US officials praised Kazakhstan’s efforts to repatriate and rehabilitate its citizens from Syria. Deputy Coordinator for Countering Violent Extremism at the U.S. State Department, Chris Harnish, said that Kazakhstan was the first country to step up after the US called on other countries to take back their nationals in Syria. In an online event held by the Atlantic Council, he said they didn’t just “dip their toe in the water, they said ‘we’re going to bring back effectively as many Kazakhstanis as we could’”. US officials said that Washington played an important role in providing Kazakh authorities with assistance for effective rehabilitation programs for those who are returned home.
As of October 2020, the US announced it had repatriated the last of Americans believed to be in Syria and accused of supporting ISIS. However, it is unclear whether there are still American children in the camps, who have yet to be brought home. In a heart-breaking Vice documentary in 2019, the father of two children taken to Syria by their now deceased mother desperately went to Al-Hol to look for his daughter and son. Bashirul Shikder had been in contact with the FBI, and was able to enter the camp with journalists from Vice and the help of the SDF, who undertook an operation to find his children in the camp, but were unsuccessful.
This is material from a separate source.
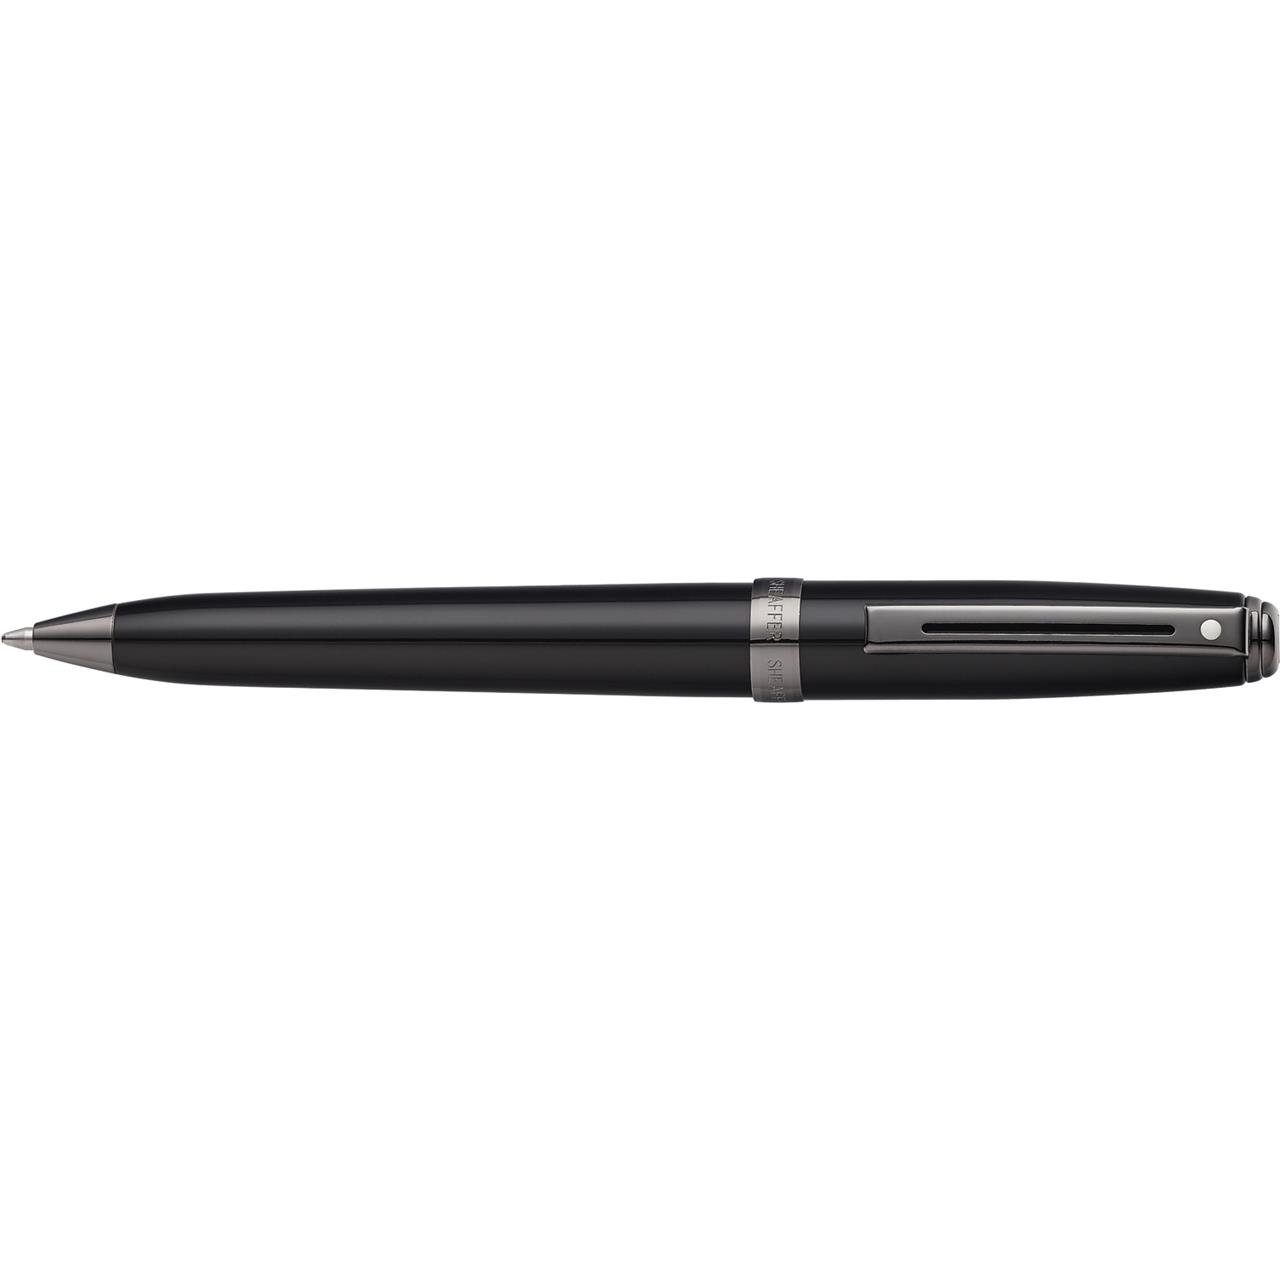 Sheaffer Pen - Black & Gunmetal

There has been no news since on whether his children have been found and returned home, leaving concerns that many more children whose specific location is unknown may be stranded somewhere in Al-Hol.
The UK government has also failed to mount significant efforts to bring back British children from camps in Syria. IOHR’s Bring Children Home campaign has monitored the government’s actions. There are thought to be at least 60 children born to British nationals in the camps, with the majority under 12. The UK Foreign Office has so far repatriated 4 orphaned children since 2019.
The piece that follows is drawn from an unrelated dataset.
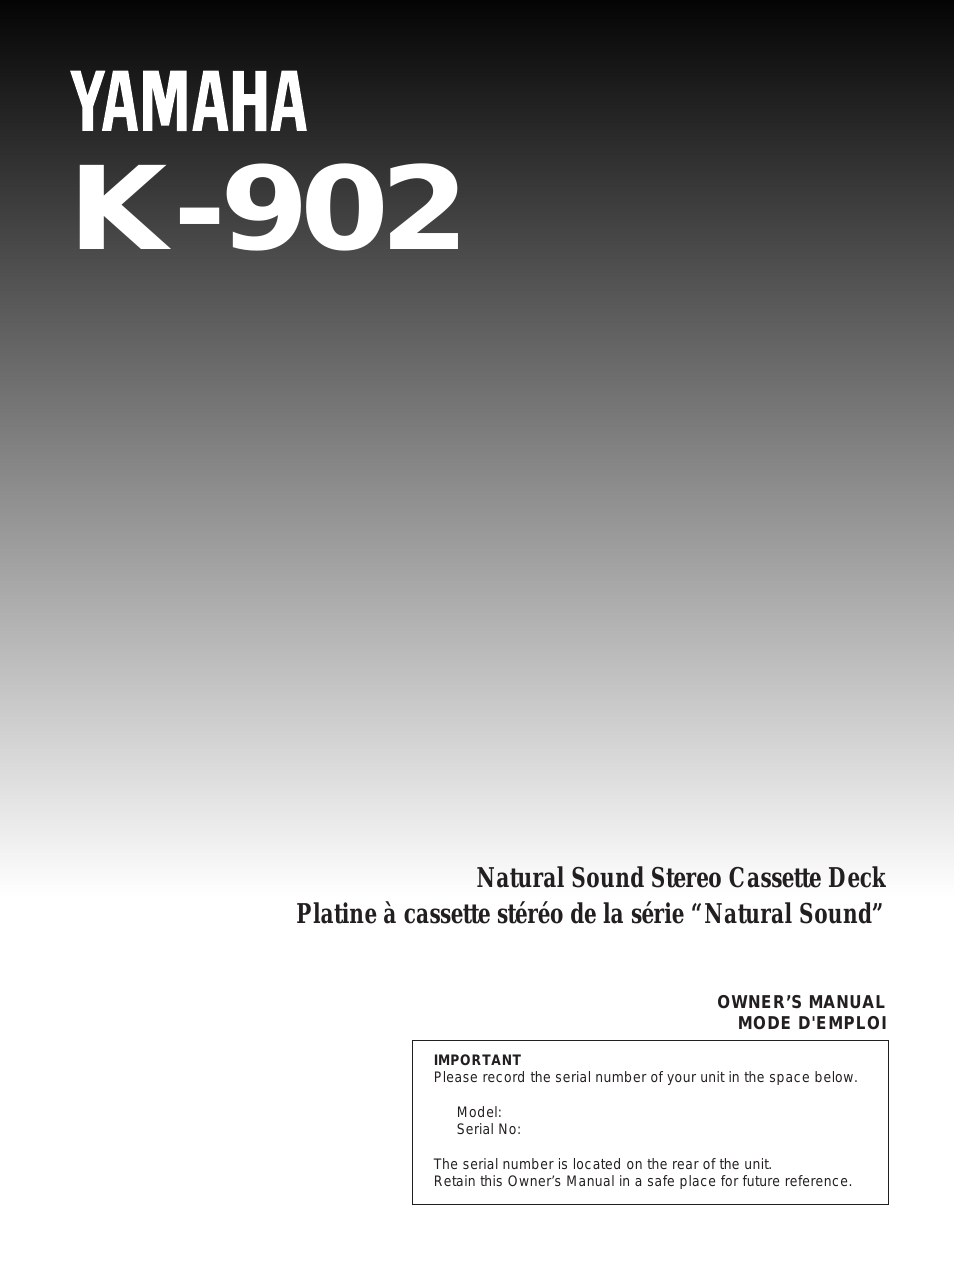 K-902

Valerie Peay, IOHR Director reflected that “it’s been 2 years since we appealed for the Home Office to help these vulnerable British children and their mothers and bring them home. We are talking about less than a hundred people. The UK has a responsibility to protect these children, regardless of the court of public opinion. It is time for action, not delaying until they are past the point of rehabilitation.”
British mothers in the camps are being stripped of their citizenship, as the government did with Shamima Begum, exposing them to further risk of reclamation by the Caliphate. Instead, mothers and children should be given effective rehabilitation programmes when they return, similar to Kazakhstan’s system. IOHR’s campaign calls on the government to bring UK children home immediately and safeguard their rights in doing so, discouraging the separation of mothers and children. It should also encourage other states to follow suit and repatriate as many children as possible.